Viene mia mamma a trovarmi, finalmente, a collocchi, dopo quattro o cinque giorni che voglio, con un assistente sociale.
E non mi poteva dire nulla, cioè non mi poteva dire dove si trovava, mi fa guarda sono in un centro antiviolenza, non ti posso dire dove, perché aveva paura che io quello dicessi al nostro padre.
E quindi fa non ti posso dire dove e fa però c'è una cosa che ti devo dire, fa Alessandro è scappato, è stato assegnato in una comunità.
nel Varesotto, era il porto Valtravaglia si chiamava la città da lì riuscì a scappare che tipo di comunità?
era una comunità per tossicodipendenti lui aveva 16 anni siccome giustificarono gli assistenti sociali che per la sua età non trovavano posti disponibili in quel momento per ragazzi come lo ero io che subivano maltrattamenti in famiglia lo appoggiarono in questa comunità per tossicodipendenti, una roba folle infatti lui scappò subito
Riuscì a scappare, prese il treno, tornò a Milano e andò a casa di nostro padre.
E quindi per me questa è stata un po' una notizia come liberatorio, perché dicevo mio padre qua è colui che ci ha fatto entrare e adesso lui diventa il mio biglietto d'uscita.

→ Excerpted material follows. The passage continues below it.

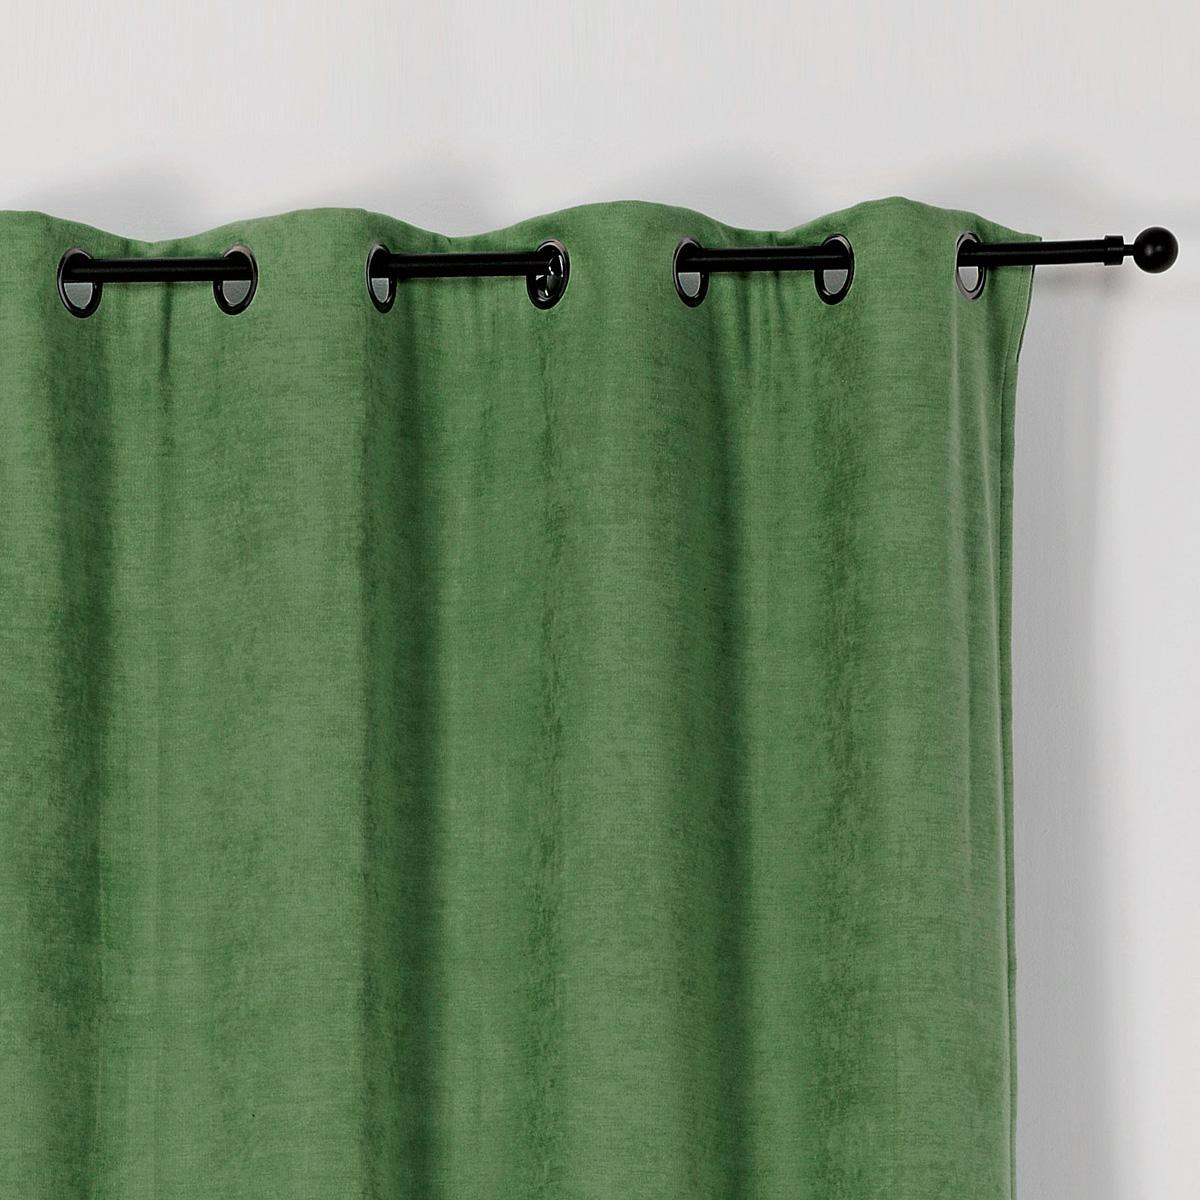 Rideau occultant et isolant avec envers gratté (Vert)

perché vuol dire che ha aiutato già mio fratello a scappare, allora potrà aiutare anche me, mia mamma vedo che non può fare nulla e chiusa lì non riesce a fare nulla e mi diceva sola io, dicevo mamma qua picchiano i bambini, iniziai a piangere e l'assistente sociale ricordo che mia mamma guardò con un'occhiata subito l'assistente sociale
Lui la guardò come scossa la testa, poi iniziò a dire no, ma tutti i bambini qua che vogliono andare a casa dicono così, non si preoccupi signore.
Invece era vero, l'avevo visto con gli occhi due giorni prima, quindi non ero nemmeno creduto, mia mamma sì credo che non ne abbia creduto, però non poteva far nulla.
Quindi mio padre, per assurdo, capisci questi contrasti poi emotivi, sai bene che ti ha fatto finire in quella situazione, diventa un po' anche la tua salvezza, che dici cavolo mio fratello ce l'ha fatta.
Quindi attendevo con ansia questo colloquio con mio padre, perché lui era ancora a piede libero.
Inizio durante i giorni successivi a perlustrare un po' questo grosso cortile che aveva questa comunità e divido delle vie possibili di fuga.
era molto blindato, ma c'era un cancellone che era alto due metri con gli spuntoni e di lato aveva un altro cancello più basso che avrei potuto utilizzare come sponda.
Immagina avevo dieci anni, quello che ti racconterò dopo è una roba che probabilmente nessuno ci crede, ma ci dovete credere.
Quindi arrivo a vedere questo cancello e diventa la mia ipotetica via di fuga da quella comunità.
Viene a trovarmi finalmente mio padre, accompagnato dall'assistente sociale.
E lì facciamo come va con non va.
Gli parlava del più e del meno, che si lamentava del lavoro, di questa impresa di pulizie, non ci aveva voglia di... Lo trattavano male, blablabla.